**INSTRUCTIONS TO FOLLOW**
Output the whole listing exactly, with no pictures.

**DATASET SECTION**
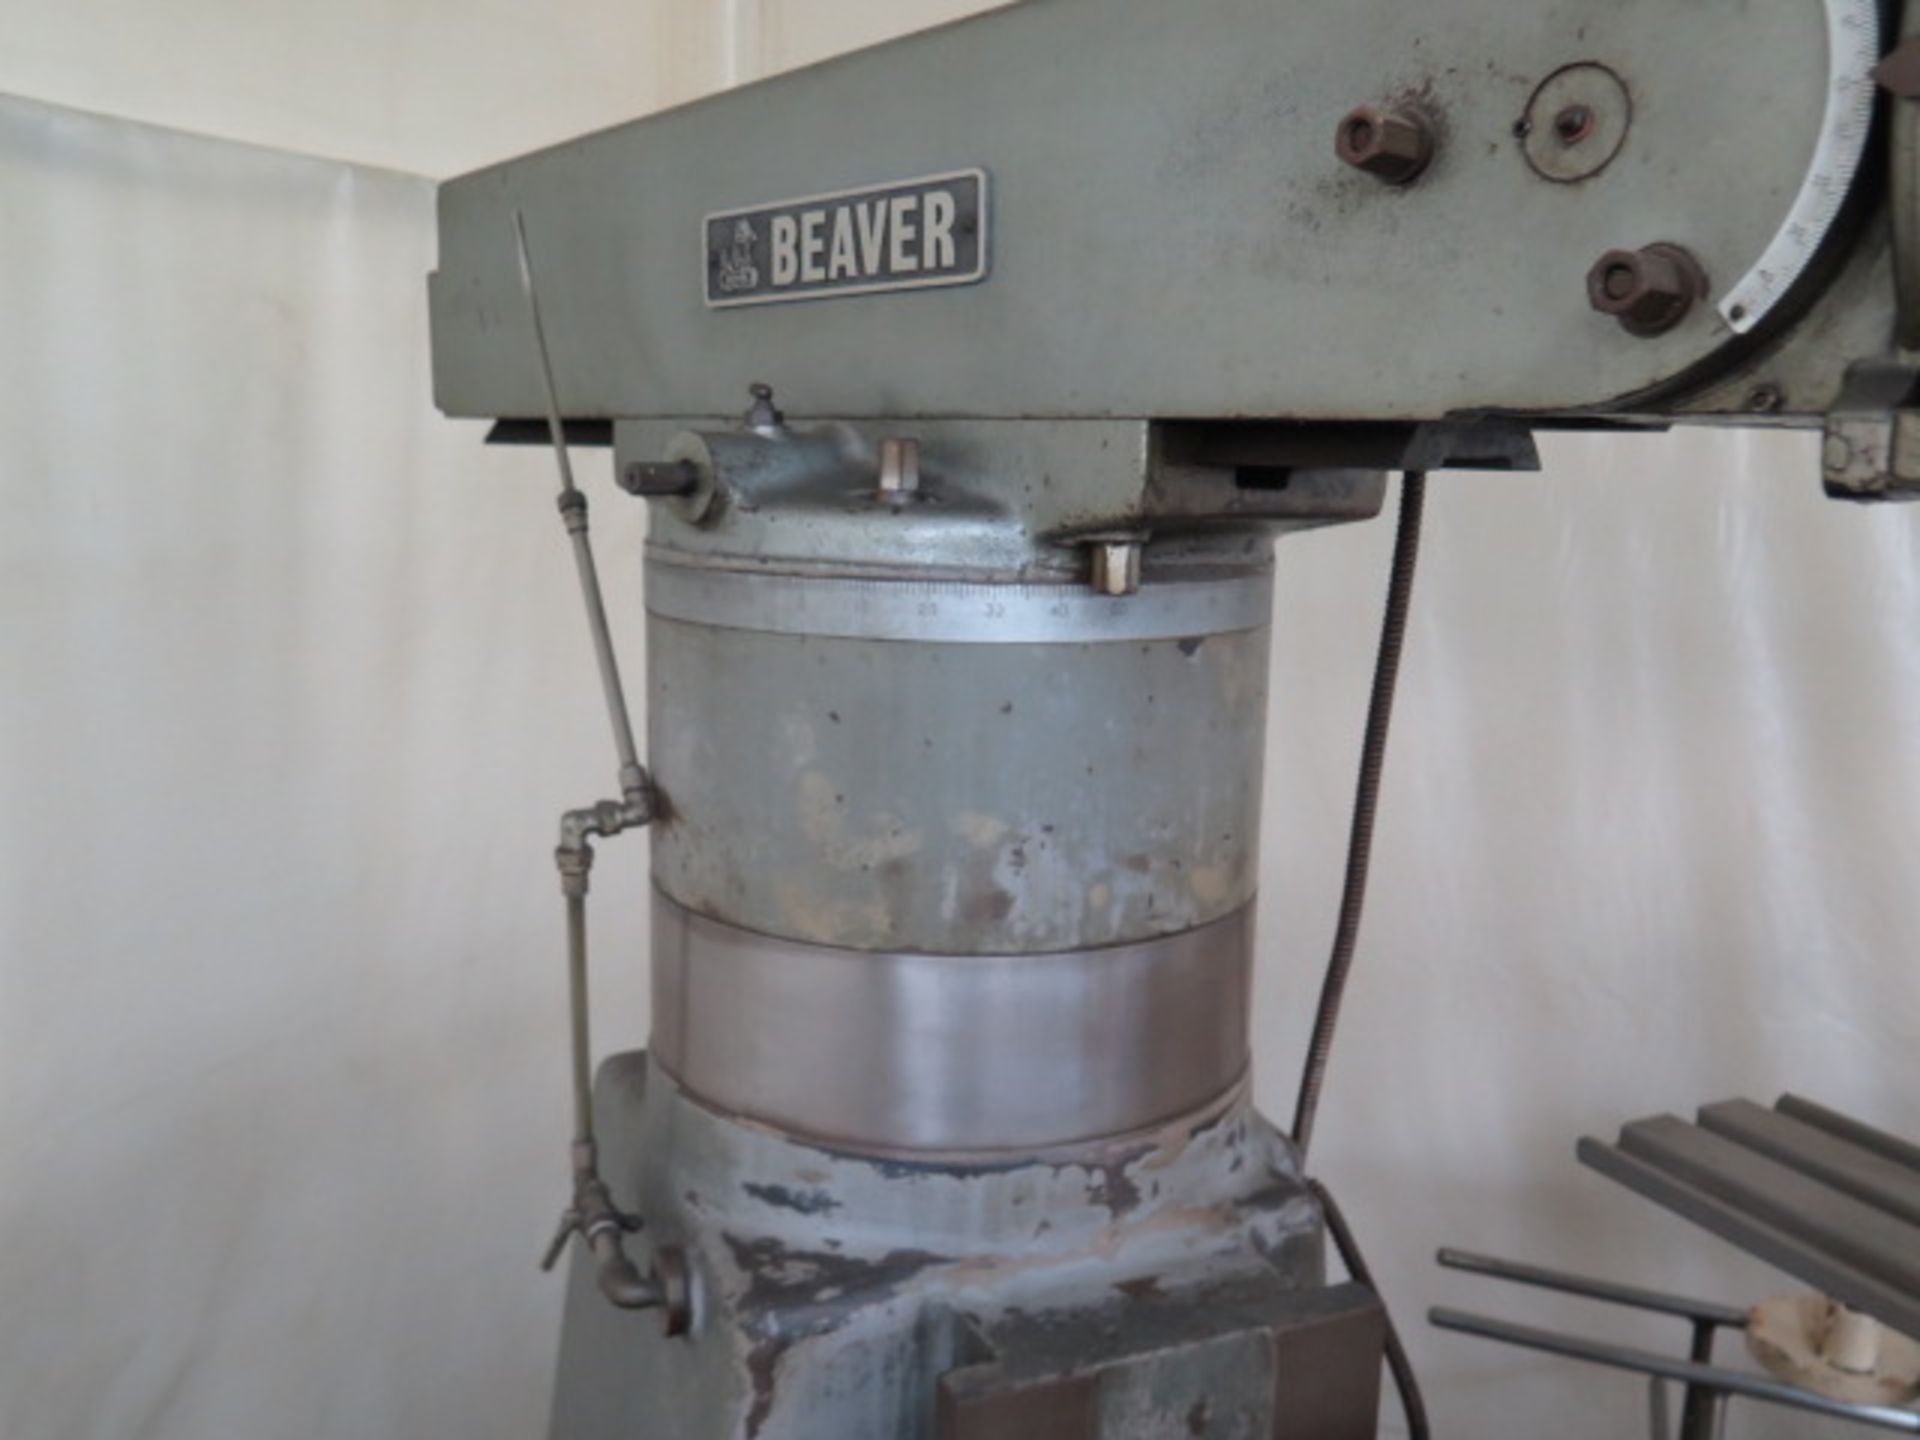 Beaver VBRP Vertical Mill s/n 4091/2 w/ 40-Taper Spindle, 10” Riser, Box Ways,Power Feed, SOLD AS IS - Image 6 of 11
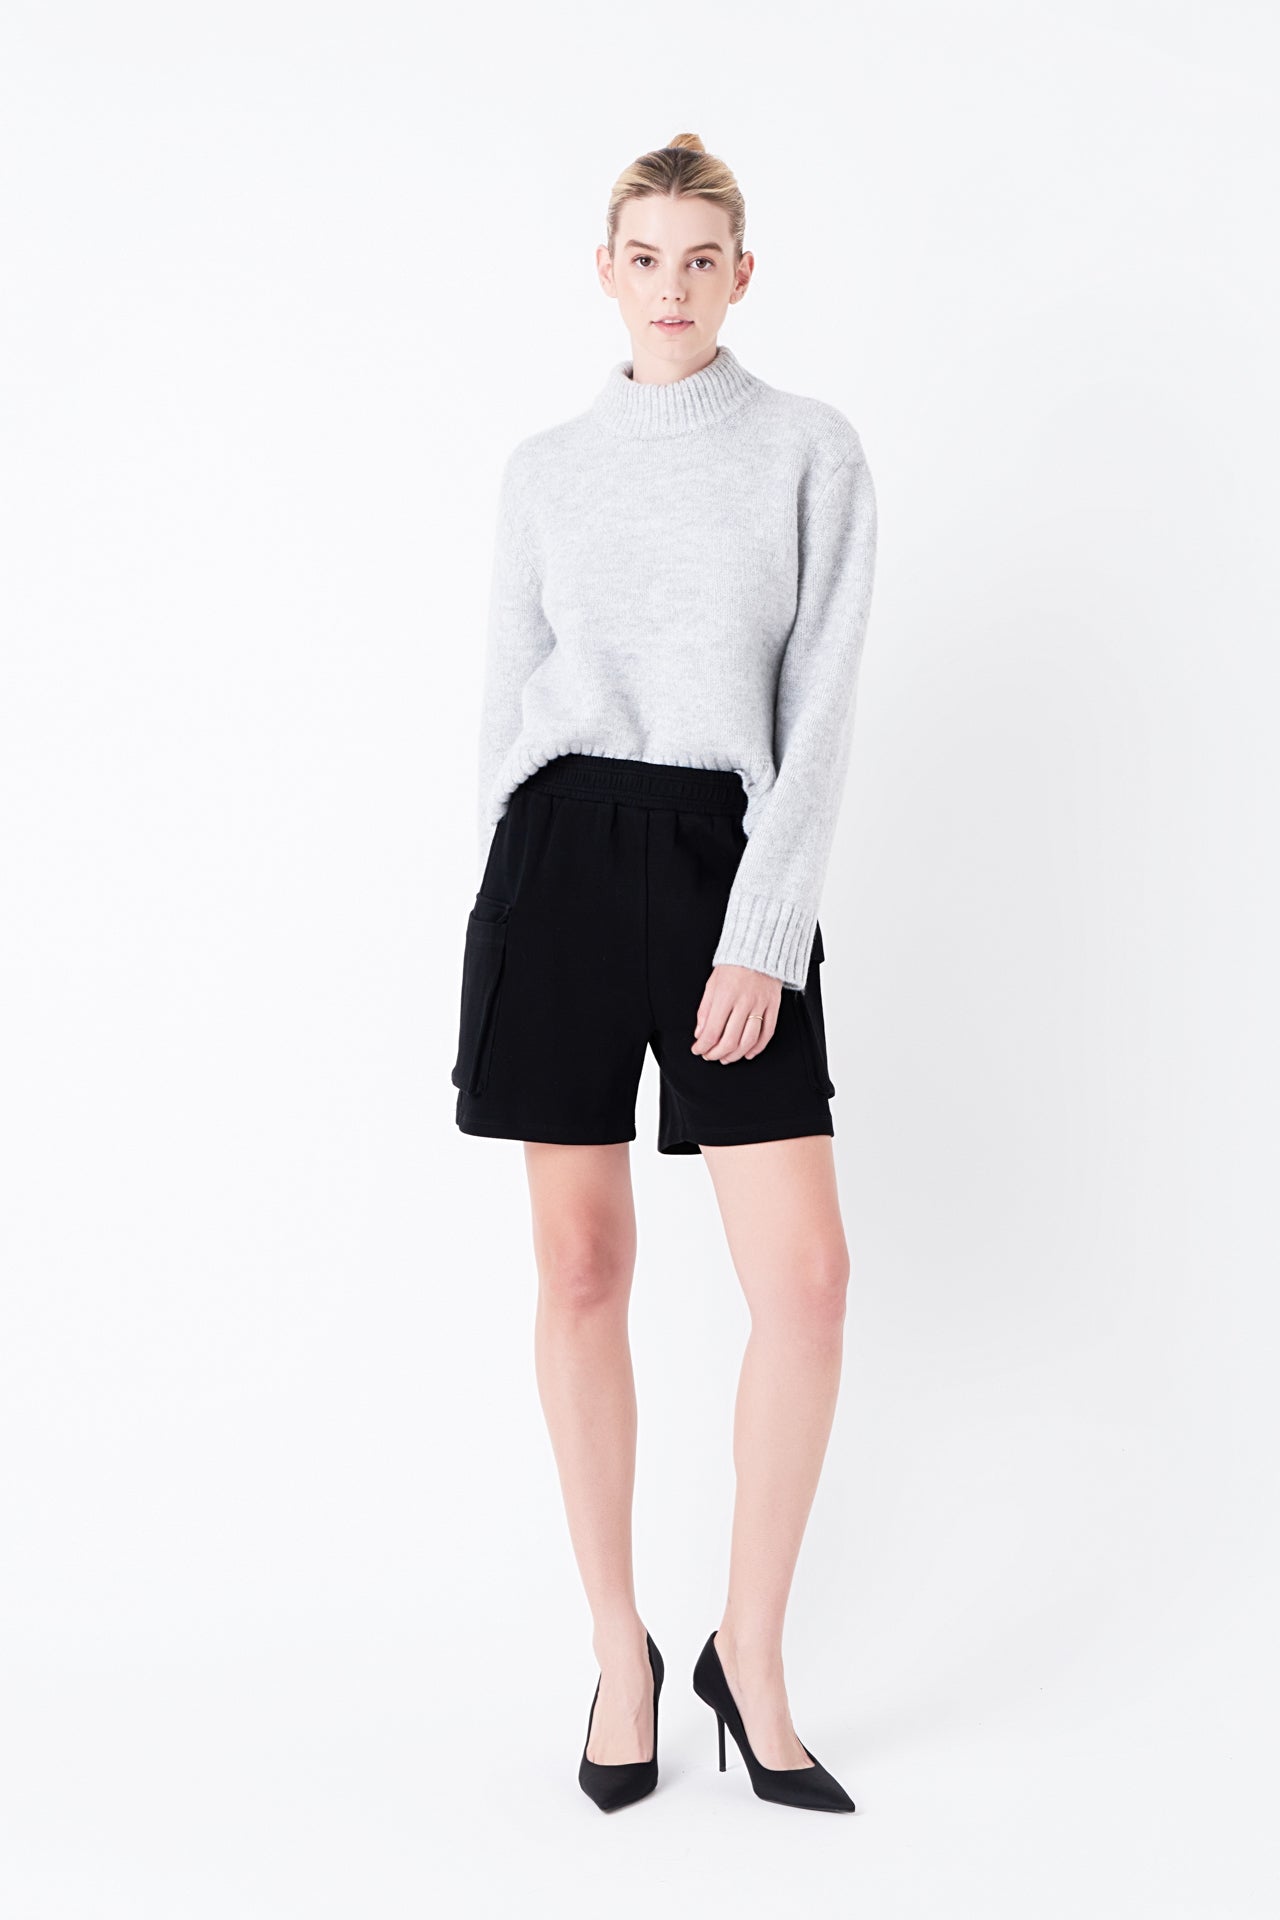 GREY LAB - Pullover Sweater - SWEATERS & KNITS available at Objectrare
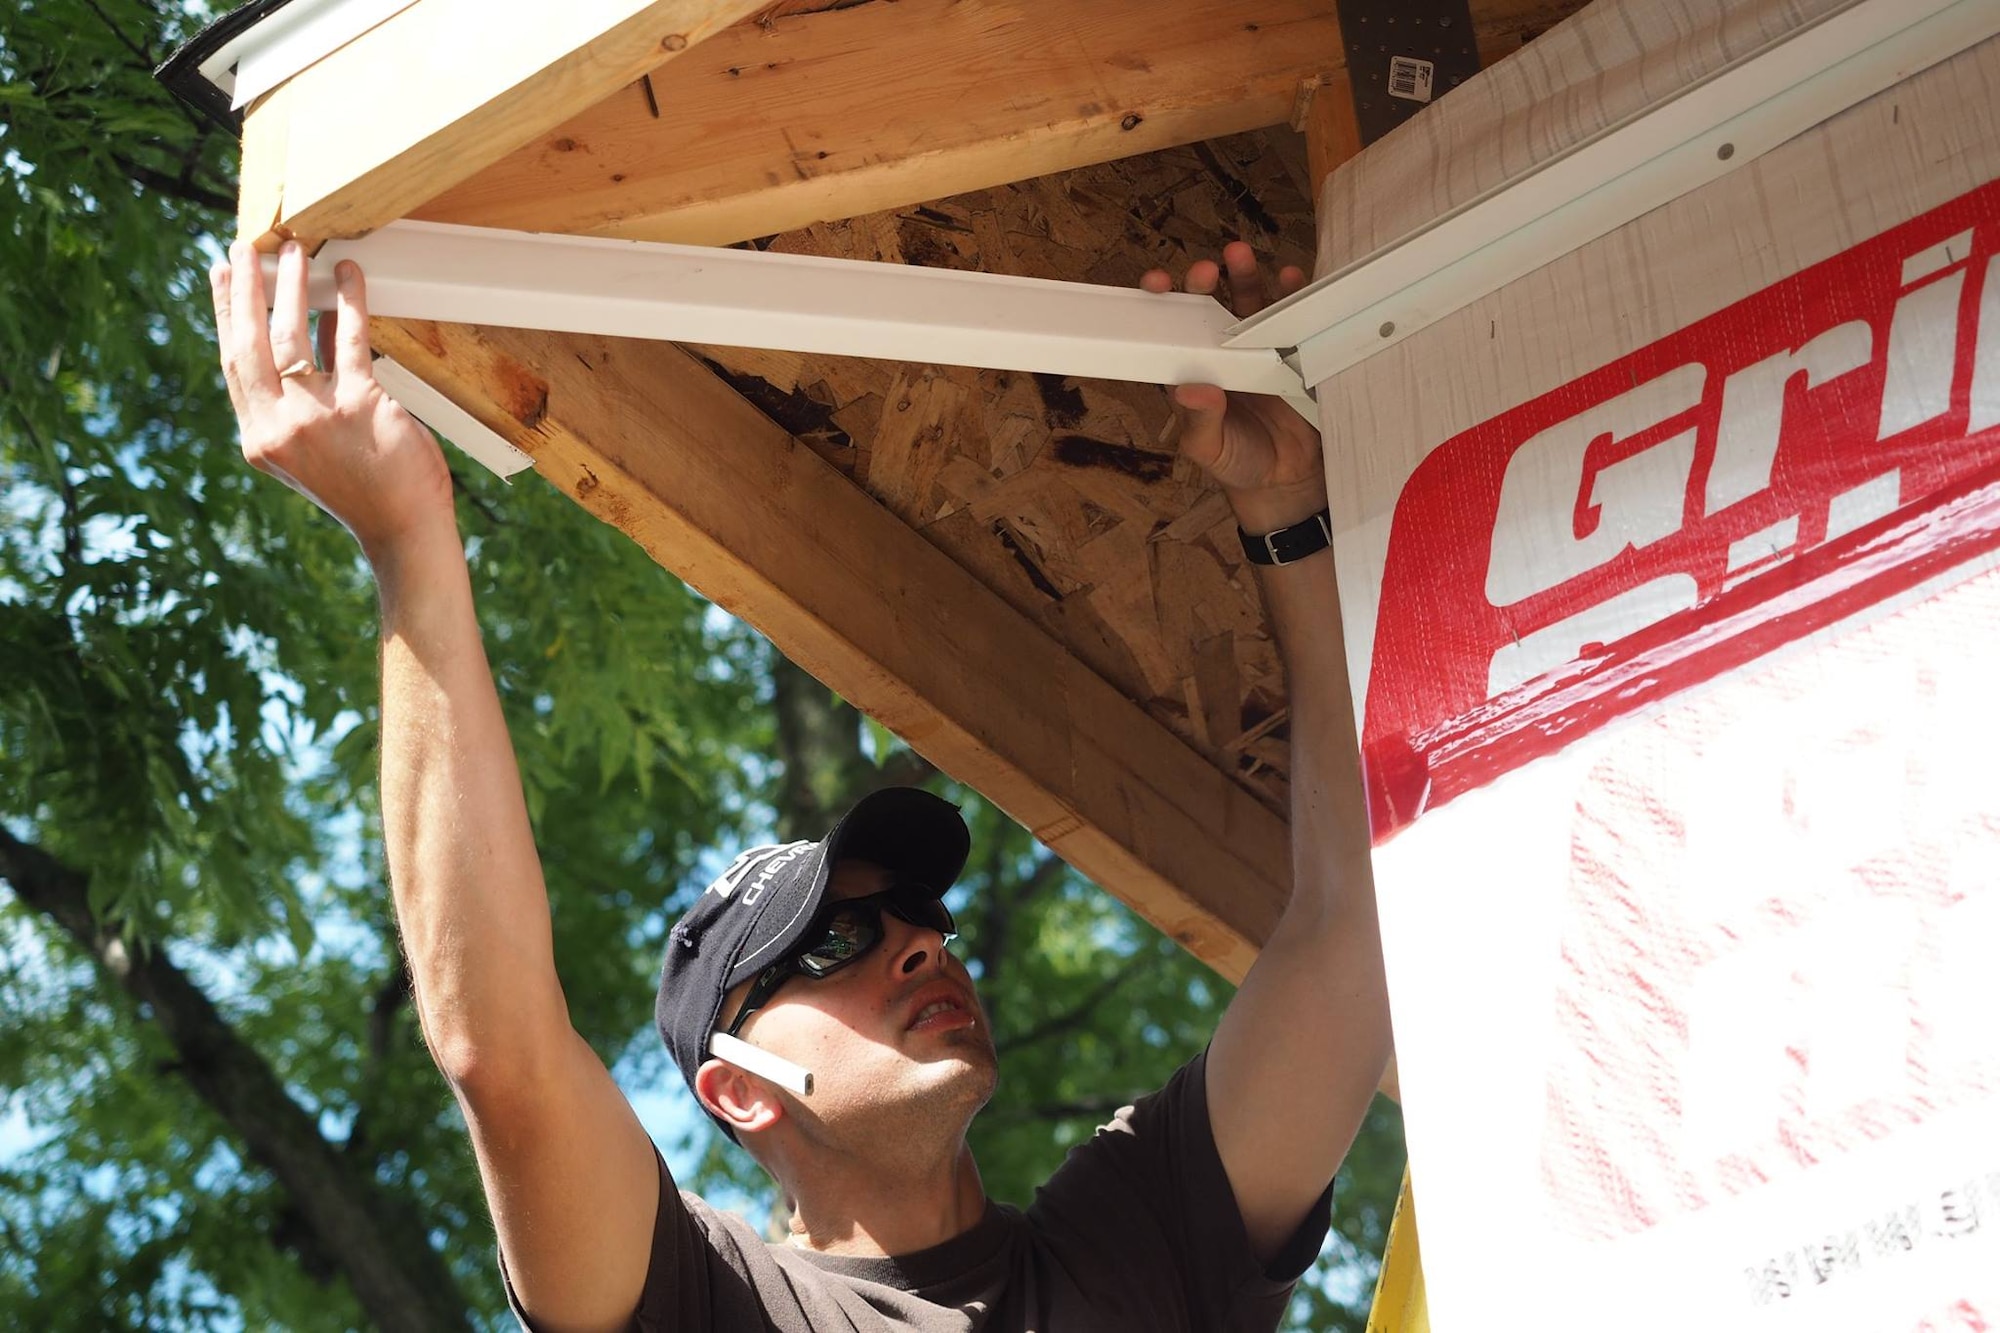 Capt. Adam Ebacher, 96th Airlift Squadron C-130 navigator, takes measurements for soffit bracing during the Habitat for Humanity home construction project July 20.

**SOLUTION**
 Beaver VBRP Vertical Mill s/n 4091/2 w/ 40-Taper Spindle, 10” Riser, Box Ways,Power Feed, SOLD AS IS - Image 6 of 11
 GREY LAB - Pullover Sweater - SWEATERS & KNITS available at Objectrare
 Capt. Adam Ebacher, 96th Airlift Squadron C-130 navigator, takes measurements for soffit bracing during the Habitat for Humanity home construction project July 20.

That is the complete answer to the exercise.